For certain systems, conditional access to services is provided through verification performed by an active landline telephone system. These services, such as the satellite service described above, may need communication to the service provider via a telephony line to order a service. According to embodiments, instead of using an active landline telephone system to communicate with the service provider, communication is provided via a local area network (LAN) at the customer premises or is provided via a wireless connection to a customer's mobile phone. Thus, the embodiments provide a customer of a satellite television service that does not have a landline telephone readily available at the set top box with the same level of convenience already enjoyed by others with such a landline telephone. It would also allow satellite television service providers to be that much more “on par” with competing cable service providers (as cable does not require a telephone line connection, but instead is capable of transmitting the request for service via the cable network).

FIG. 1 illustrates a system 100 providing a conditional access service using a LAN at the customer premises, according to an embodiment. The system 100 includes a customer premises with CPE connected a network 122. The network 122 may include a wired or wireless LAN. A wireless LAN may use WiFi or other known protocols.
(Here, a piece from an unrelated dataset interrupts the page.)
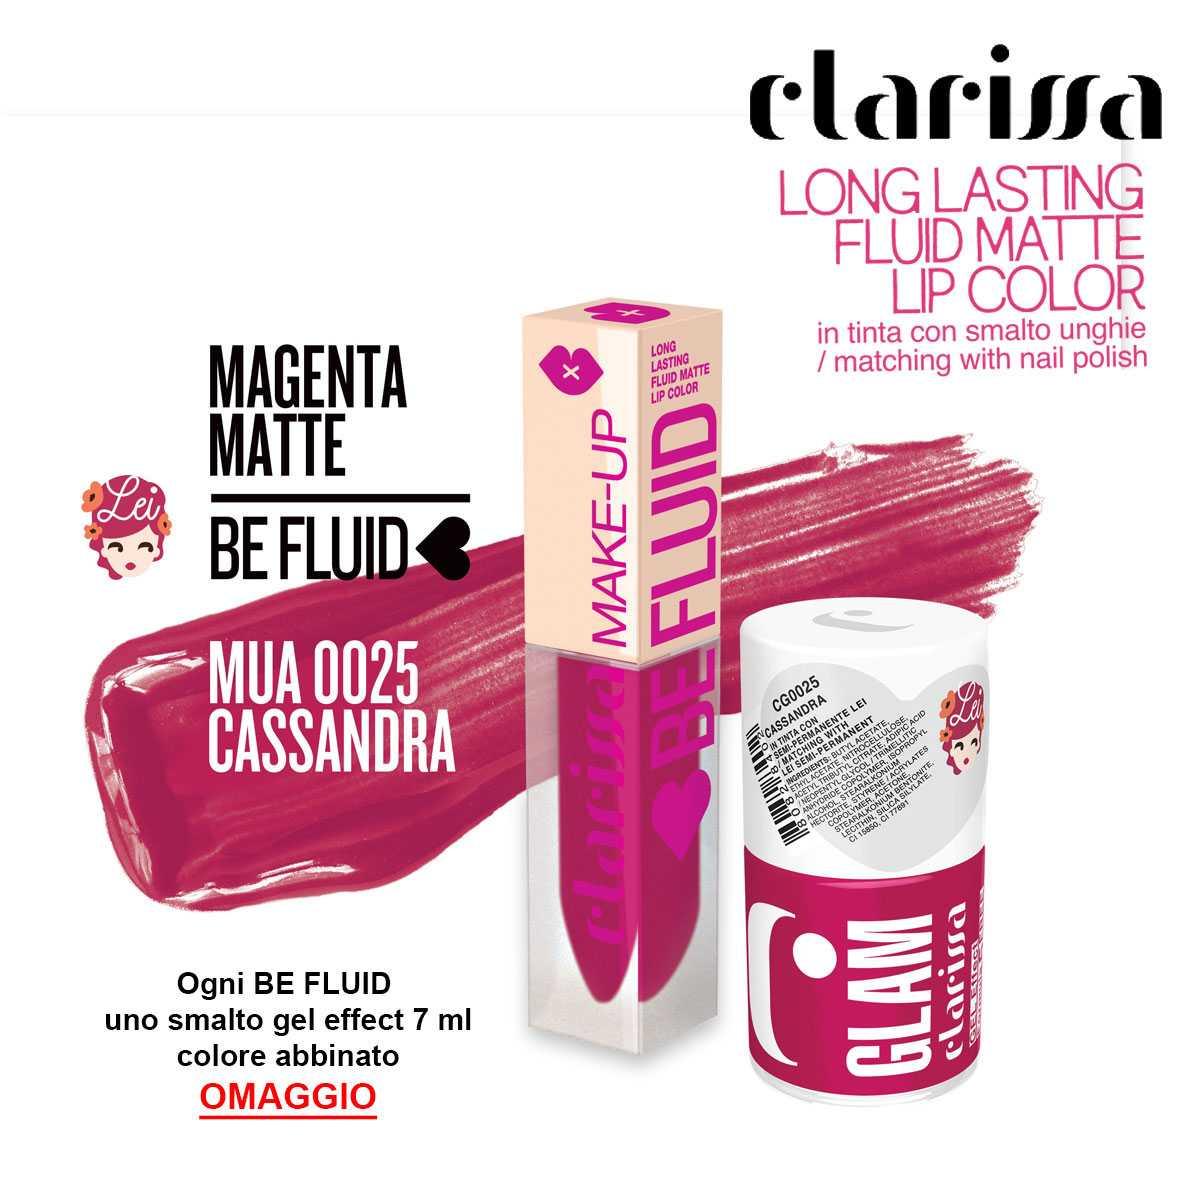 Be fluid lip color magenta matte cassandra  + c-glam magenta matte cassandra omaggio + tester

The CPE includes devices 123a-d, such as one or more set top boxes, computers, etc. The network 122 and the devices 123a-d may be connected to an external network 105 via a router 121, a modem 120 and a residential gateway 1 10. The router 121 may perform routing of packets in the network 122 and forwarding of packets to the network 105. The modem 120 provides access to digital signals modulated with an analog carrier. The residential gateway 110 is the gateway between the network 122 and the network 105. One or more of the modem 120, the residential gateway 110 and the router 121 may be provided as a single device or as separate standalone devices. The external network 105 may include an IP network, such as the Internet. The network 105 may include a cable network, such as a hybrid fiber coaxial (HFC) network. Service providers 104a-d may be connected to the CPE via the network 105 and the network 122. Examples of service providers include cable service providers, high-speed Internet service providers, etc.

One or more of the devices 123a-d may be devices receiving services via 33satellite. For example, the devices 123c and 123d are satellite set top boxes that receive satellite television service via the satellite gateway 124 and the satellite dish 125. The satellite gateway 124 may include a modem and other circuits as is known in the art for receiving the satellite television content and distributing the content to the set top boxes 123c and 123d. The satellite service provider is shown as 104d and provides the satellite television service to customer premises.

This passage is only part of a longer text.